The experiment uses DNA from a frozen specimen of the extinct giant beast to reproduce their blood.
Sir Ian Wilmut, the pioneering scientist who created Dolly the sheep, has outlined how cells plucked from frozen woolly mammoth carcasses might one day help resurrect the ancient beasts.
The notional procedure was spelled out by Wilmut, the Edinburgh-based stem-cell scientist, leader of the team that unveiled Dolly as the world's first cloned mammal in 1996.

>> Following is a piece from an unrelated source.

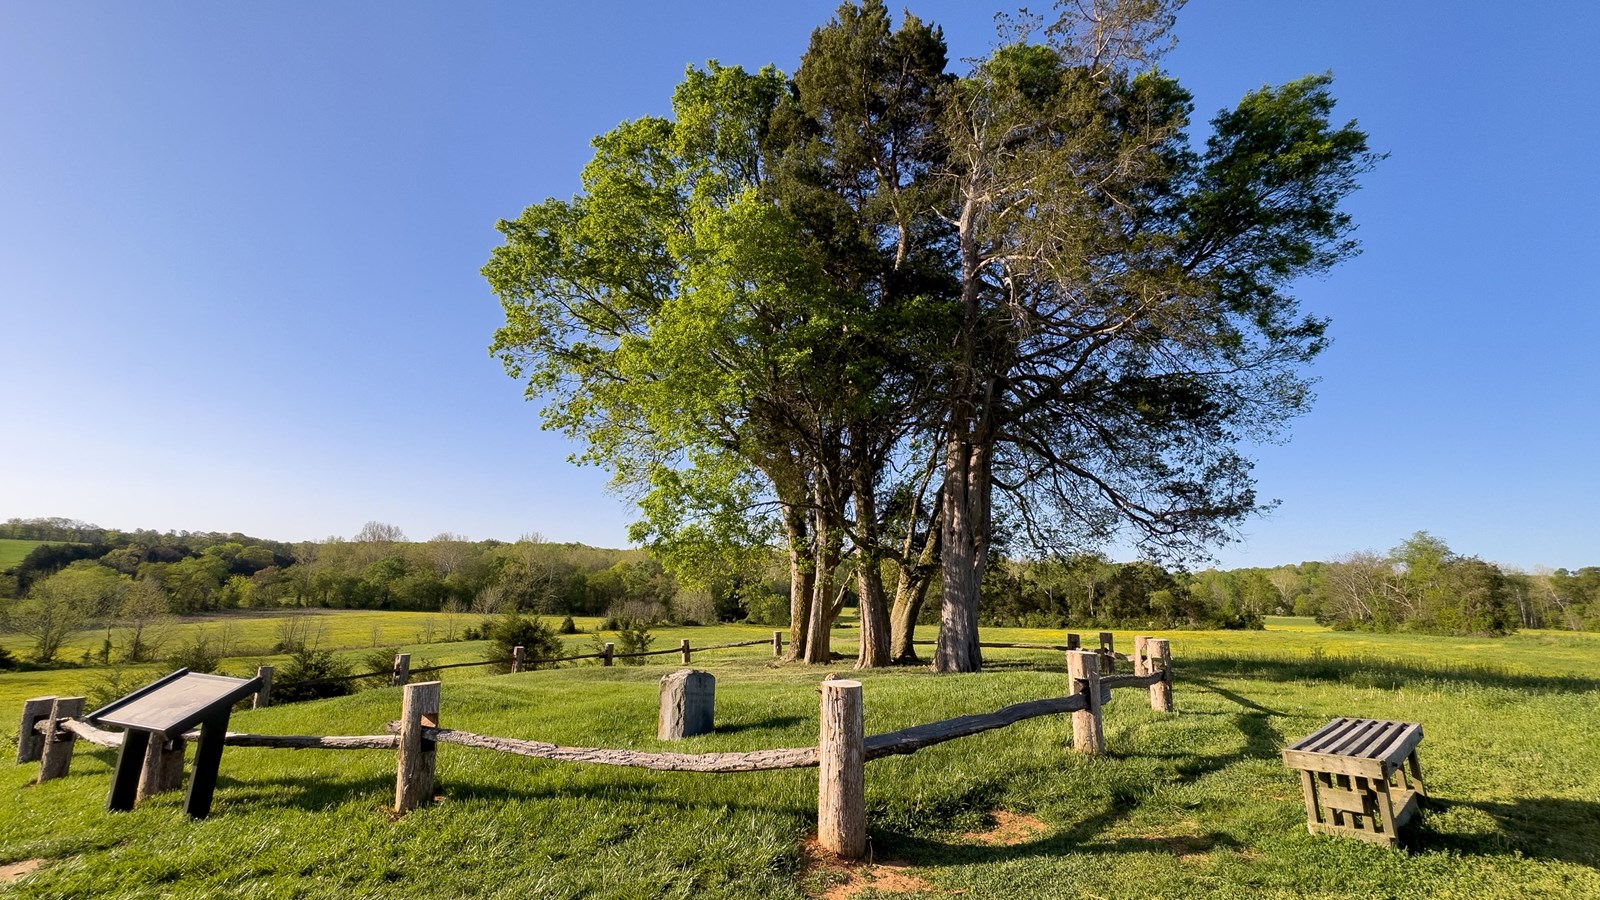 A grassy area with a stone marker and tree enclosed by a wood fence.
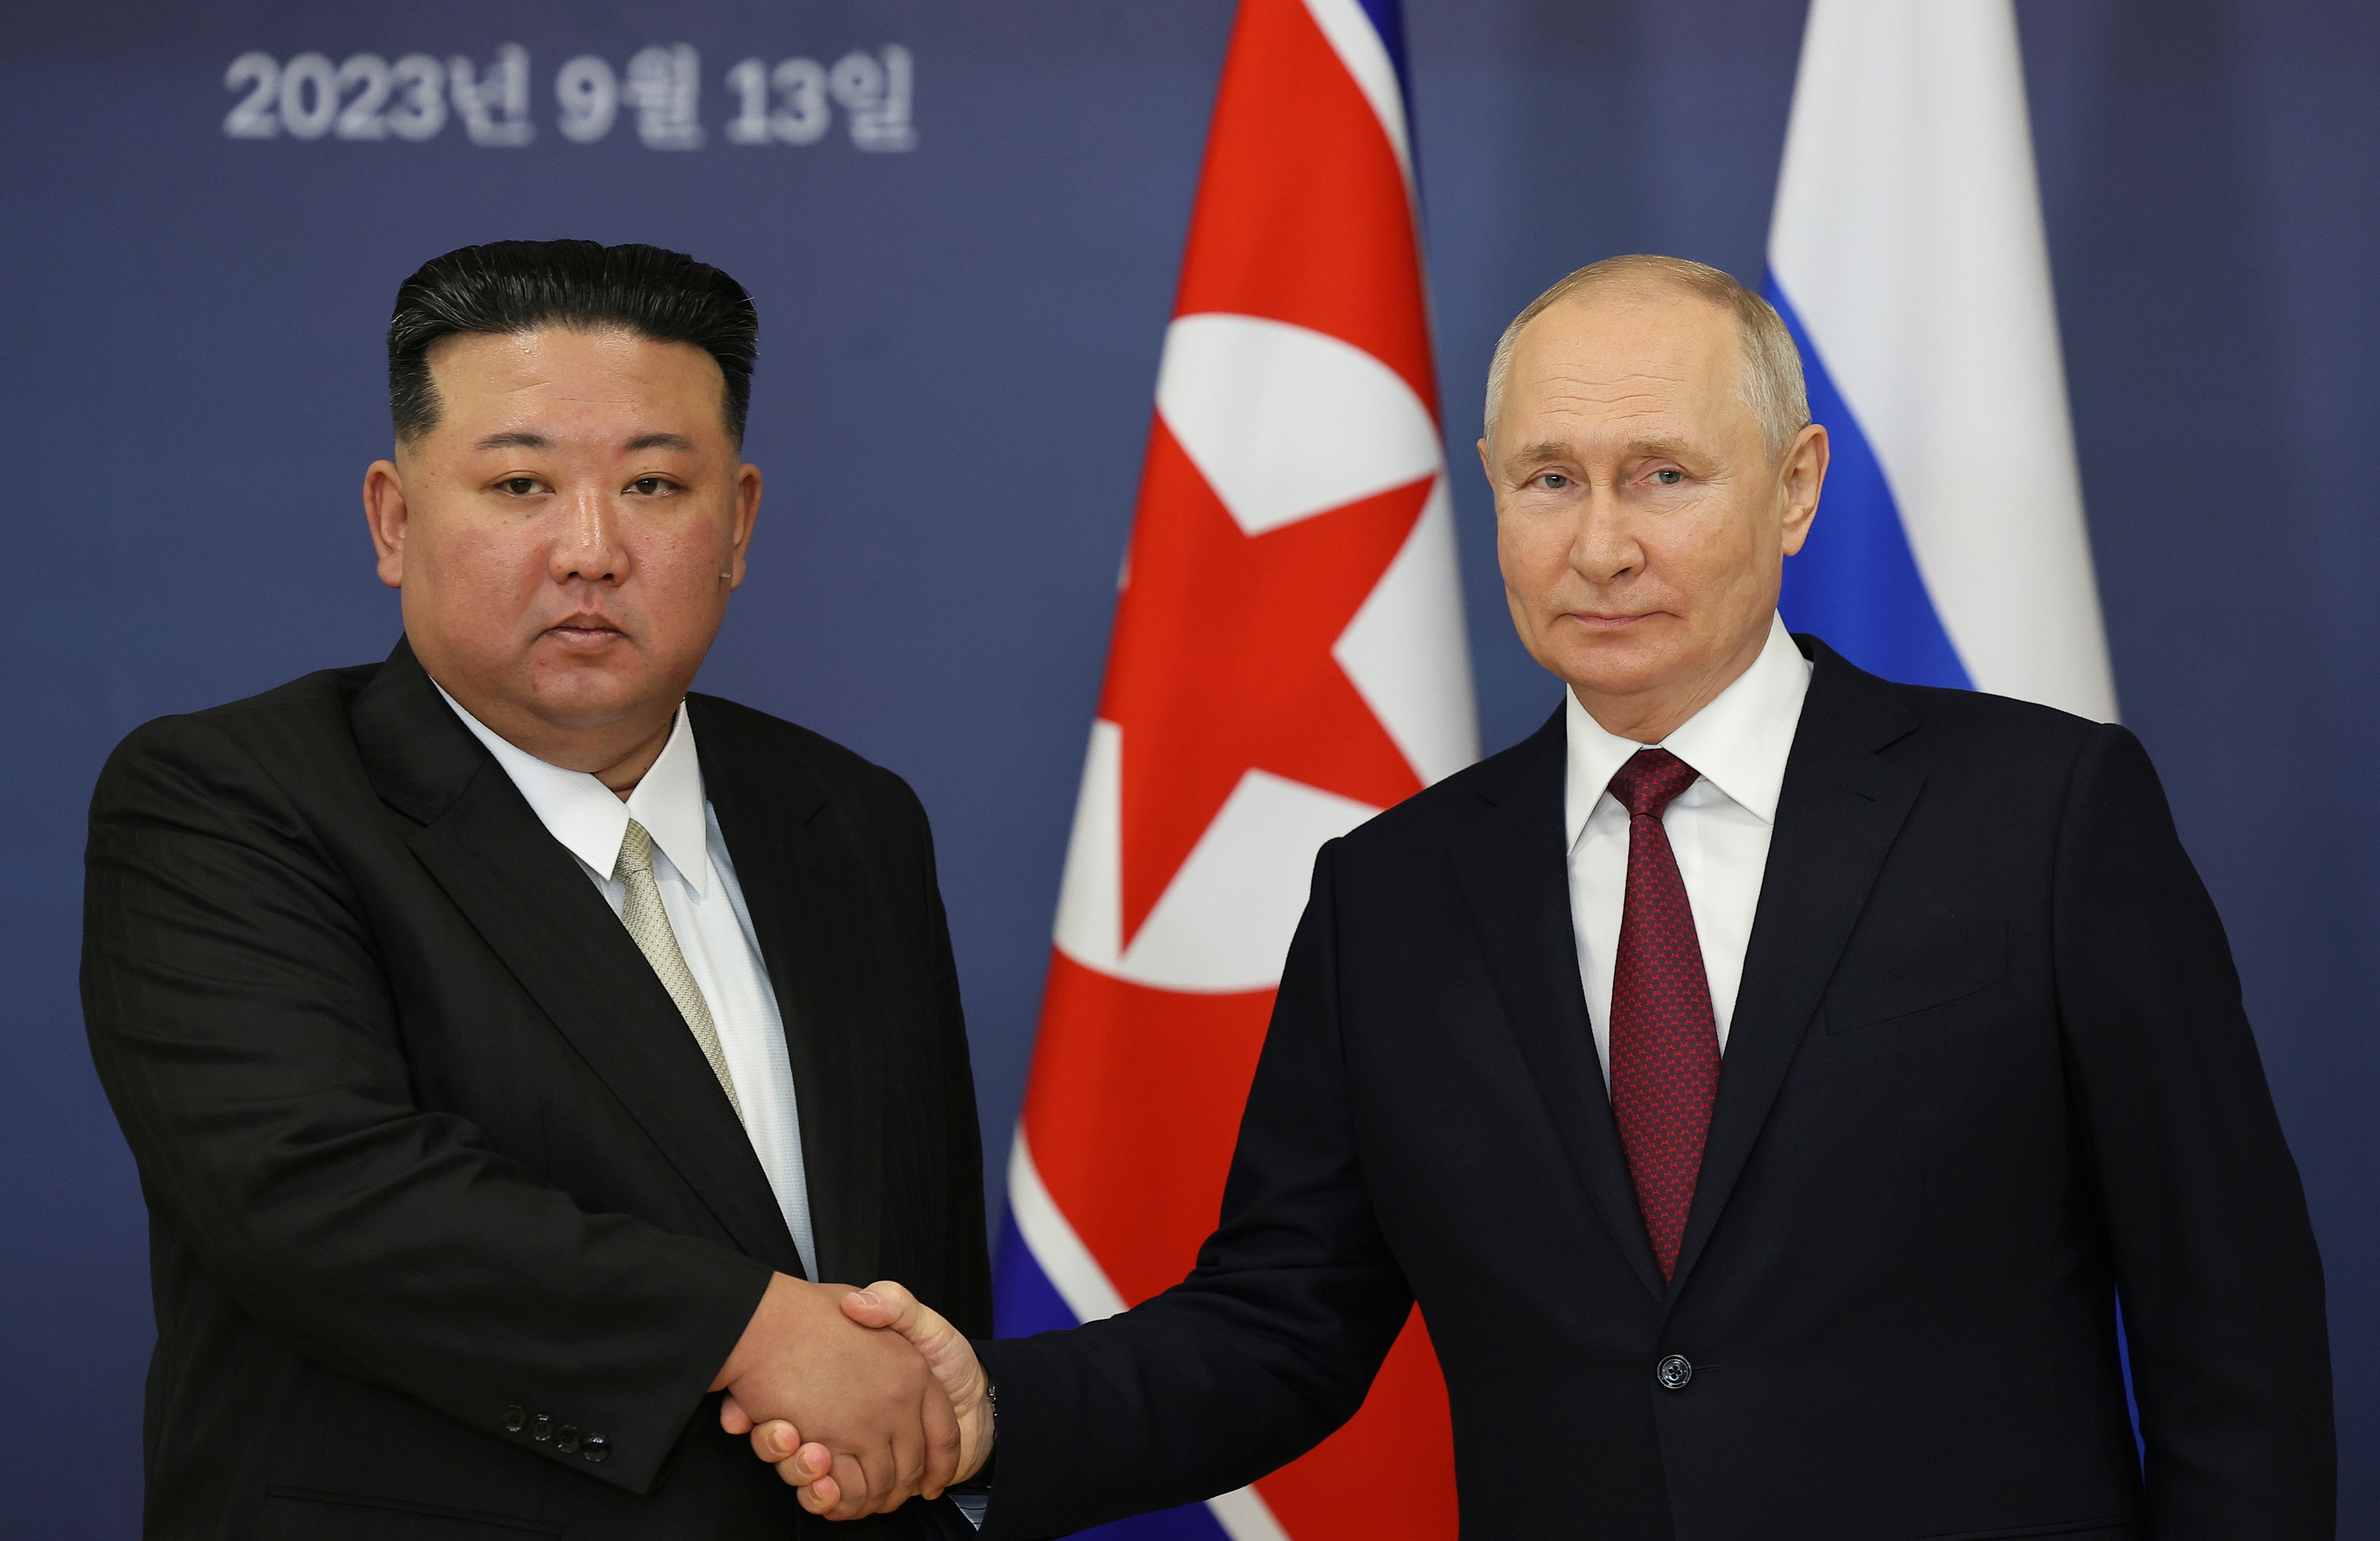 Vladimir Putin and Kim Jong-un shake hands during their meeting at the Vostochny Cosmodrome in the far eastern Amur region of Russia, on Wednesday

Although, it is unlikely that a mammoth could be cloned in the same way as Dolly, more modern techniques that convert tissue cells into stem cells could potentially achieve the feat, Wilmut said in an article published on the website, The Conversation.
"I think it should be done as long as we can provide great care for the animal. If there are reasonable prospects of them being healthy, we should do it. We can learn a lot about them," he added.
The giant beasts roamed the Earth tens of thousands of years ago in a period called the late Pleistocene. Their numbers began to fall in North America and on mainland Eurasia about 10,000 years ago, the report said.
The most complete woolly mammoth carcass ever recovered from Russia was unveiled at an exhibition in Yokohama, Japan earlier this month. The baby female mammoth lived about 39,000 years ago, and is remarkable for the preservation of her fur and soft tissues, such as muscle.
Its samples have been sent to the laboratory of South Korean stem cell scientist Hwang Woo-suk, who, with Russian researchers, hopes to clone the mammoth, the report said.